Tuesday, April 18, 2006

Cohen on Gore (and Bush)

I haven't seen Gore's documentary, but Cohen's spot on about the comparison between Gore and Bush in this piece. (HT: Sociology Beth)

It's hard to believe that anyone could vote for Bush over Gore. But, oddly, the fact that elements of the right continue to revere the former and deride the latter provides something of an explanation. Given that Bush has turned out to be a worse president than anyone could reasonably have predicted, the fact that some righties still prefer him to Gore seems to show that their position may not have been based on facts anyway. You could basically pull a name out of the phonebook and get a better president than Bush. At least a randomly-selected person would have finished the war in Afghanistan, finished off OBL, and never invaded Iraq. And only the most benighted could possible believe that a Gore presidency--however bad they might think it would be--is in any way likely to be half as bad as the Bush presidency has been. The Bush presidency has been defined by its errors, and there is no reason to think that Gore would have made those errors, nor any even half as disastrous.

Cohen says things that have been said often enough before, but they apparently haven't been said enough. Gore couldn't campaign, but there is every reason to believe that he would have goverend well. Bush campaigned well but he is demonstrably incapable of running the country in an even semi-competent manner.

There are many reasons for this, but--as Cohen points out--much of it is attributable to their very different intellectual characters. Gore, in essence, thinks like a scientist. He realizes that facts are hard things that mere wishing can't change. Through hard work he's made himself an expert on many subjects (the MX, technology policy, global warming), he thinks hard about them, and lets the facts guide his thinking. Bush thinks like...well...he just doesn't think much at all. As Cohen points out, he apparently has contempt for the life of the mind, hard intellectual work, and anything even vaguely resembling education, formal or informal. He apparently doesn't see the value in actually learning things, thinking hard about them, and drawing conclusions in a responsible manner. He seems to think that his untutored immediate reactions (e.g. Iraq did it!) are more valuable than the careful conclusions of someone who actually knows what he's talking about.

In the end, Bush rather reminds me of my dumb-ass uncle--a truly despicable character--who told me semi-seriously when he heard that I was going to college: "If yer really smart, ya don't hafta go ta school."

Now, I'm all too cognizant of my own intellectual limitations. I may not be the kind of guy you want running the country.

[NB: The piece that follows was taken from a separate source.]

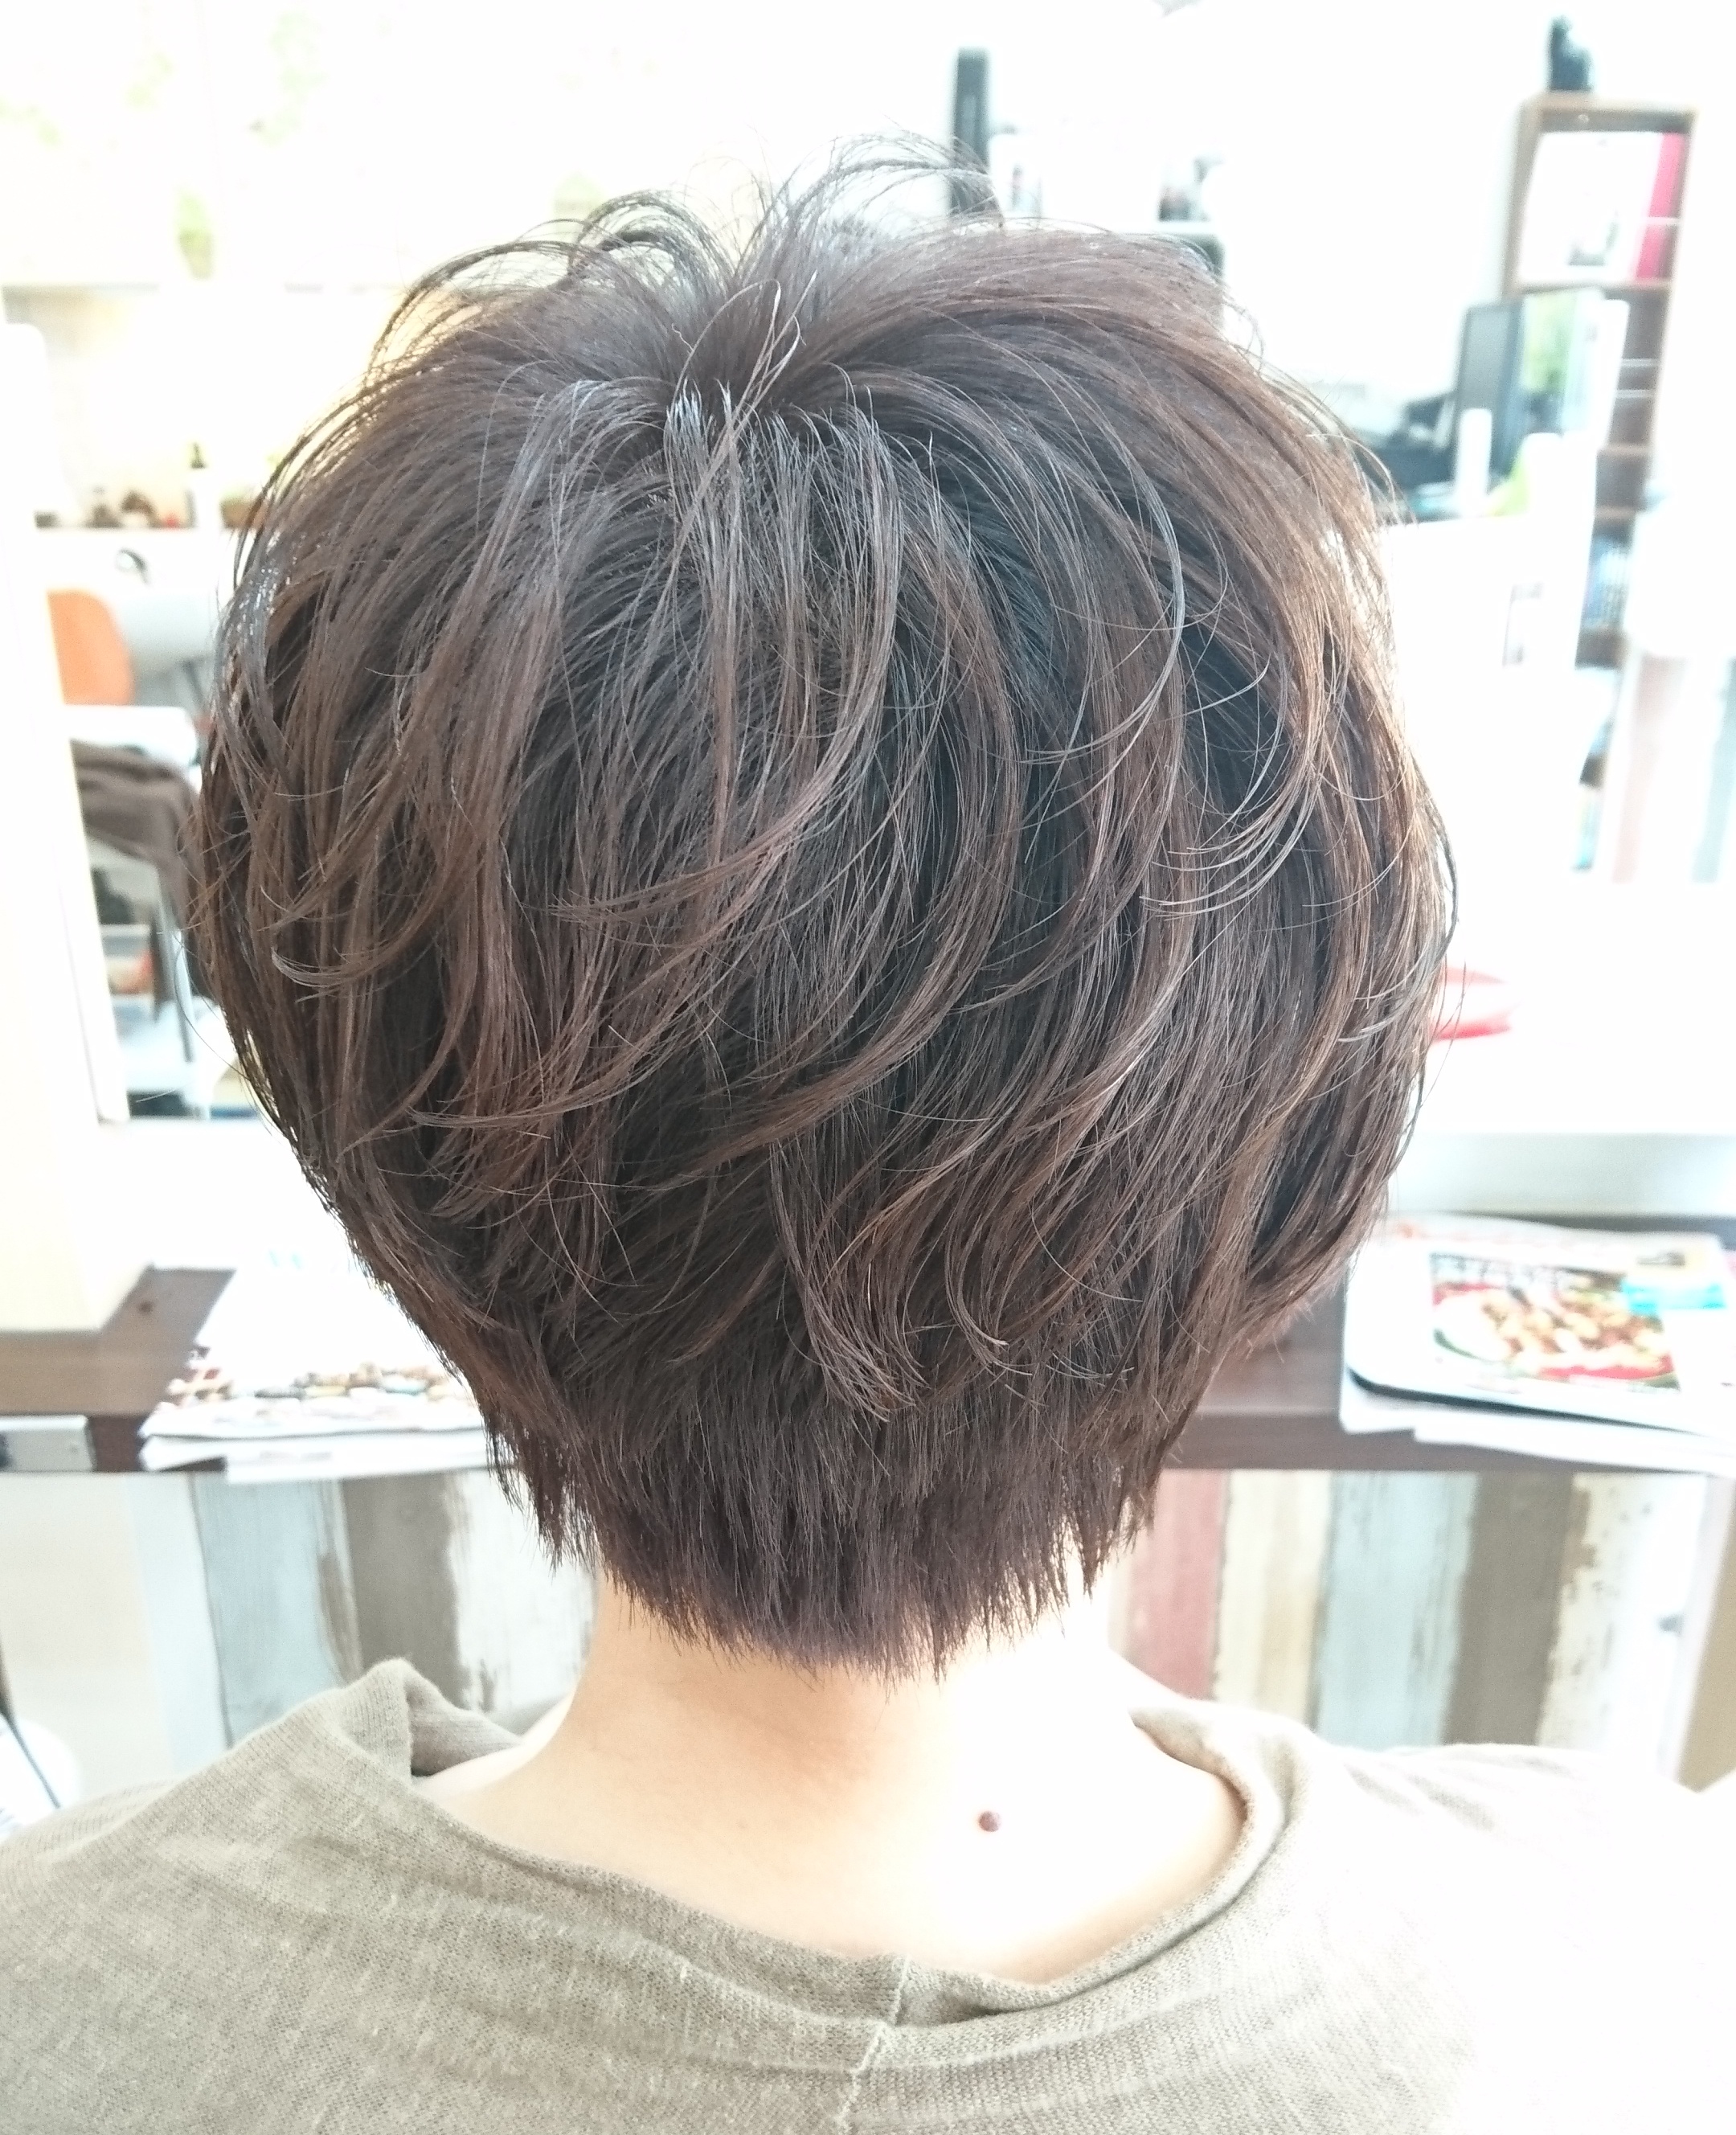 とれかけパーマで楽しむショート 広島 クセ毛美容師ニコのクセ毛とエイジングケア極めブログ

But I'd be a better choice than my dumb-ass uncle.

3 Comments:

Blogger Xanthippas said...

Not only that, but the public is beginning to realize that global warming is a real, serious issue, and Bush and his ilk are likly to be on the outside looking in on this issue in the next few years without quite realizing how they got there. As it is, it's heart-warming to read right-wing bloggers arguing global warming doesn't exist, only to find that they're years behind the debate.

7:58 PM  
Blogger Azael said...

I agree with the general sentiment, but I would like to point out that Gore didn't lose because he was a bad campaigner. He won an admittedly close election in the popular vote. Where he lost was when the Supreme Court decided that GW would be irreparably harmed if Florida were to actually carry out its duty as a state. Gore had a lot of problems he was fighting - chief among them was the devastating effect that the whole impeachment process had on the democratic party. Given all of this, I believe it is highly misleading to frame the issue in the way Cohen - and by extension, you - have. Gore entered into the 2000 race with a lot of liabilities - almost all of them were not of his doing, nor were they his fault. He actually campaigned brilliantly, given these impediments. He actually won the popular vote. And if the Supreme Court didn't step in and swing the election to Bush, he would have won.

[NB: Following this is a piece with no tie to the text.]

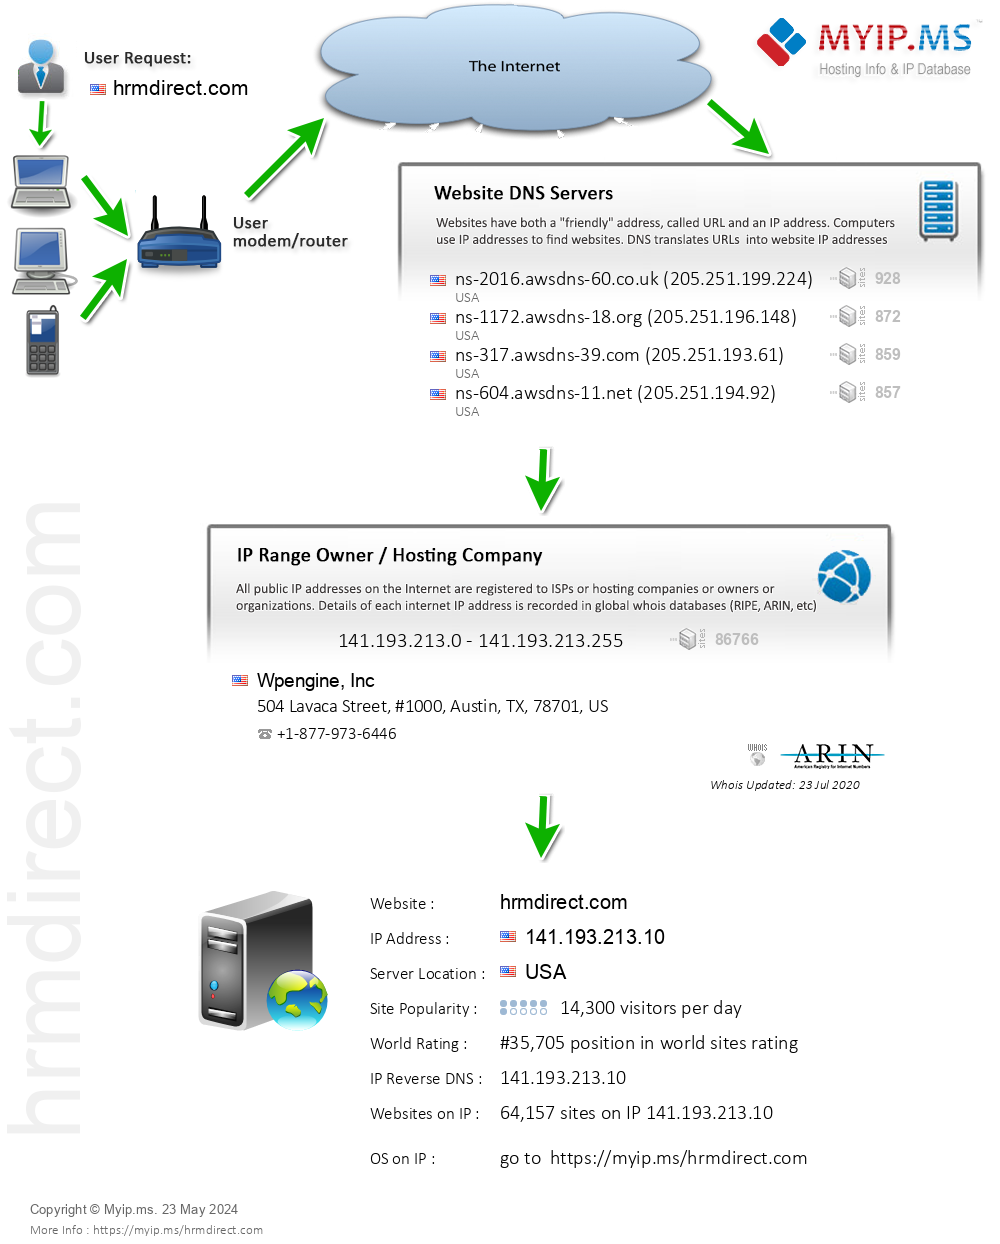 Hrmdirect.com - Website Hosting Visual IP Diagram

I believe, when viewed in this way - which I believe is the correct way of looking at it - your premise simply evaporates. Bush won because of a 10 year long, brutal campaign by the Republicans to drag down democrats in any way possible using - ultimately - impeachment itself. They distorted character flaws into constitutional issues - issues, btw, that were civil, not criminal issues, and only let in through another Supreme Court decision which allowed a civil law suit against a sitting president. Something without precedent.

So, I agree with your characterization of the scientific mindset and such. I also agree with your characterization of Bush. But please don't buy into and certainly don't propagate the idea that Bush won because Gore couldn't campaign. The facts say otherwise. I know we all like to frame the democrats as geeky, intellectual losers. But it simply is not the case and continuing the transmission of the meme is hamstringing any possibility of recovery from the last 15 years of crap.

1:43 PM  
Blogger Winston Smith said...

Good points, A. Never thought of it that way.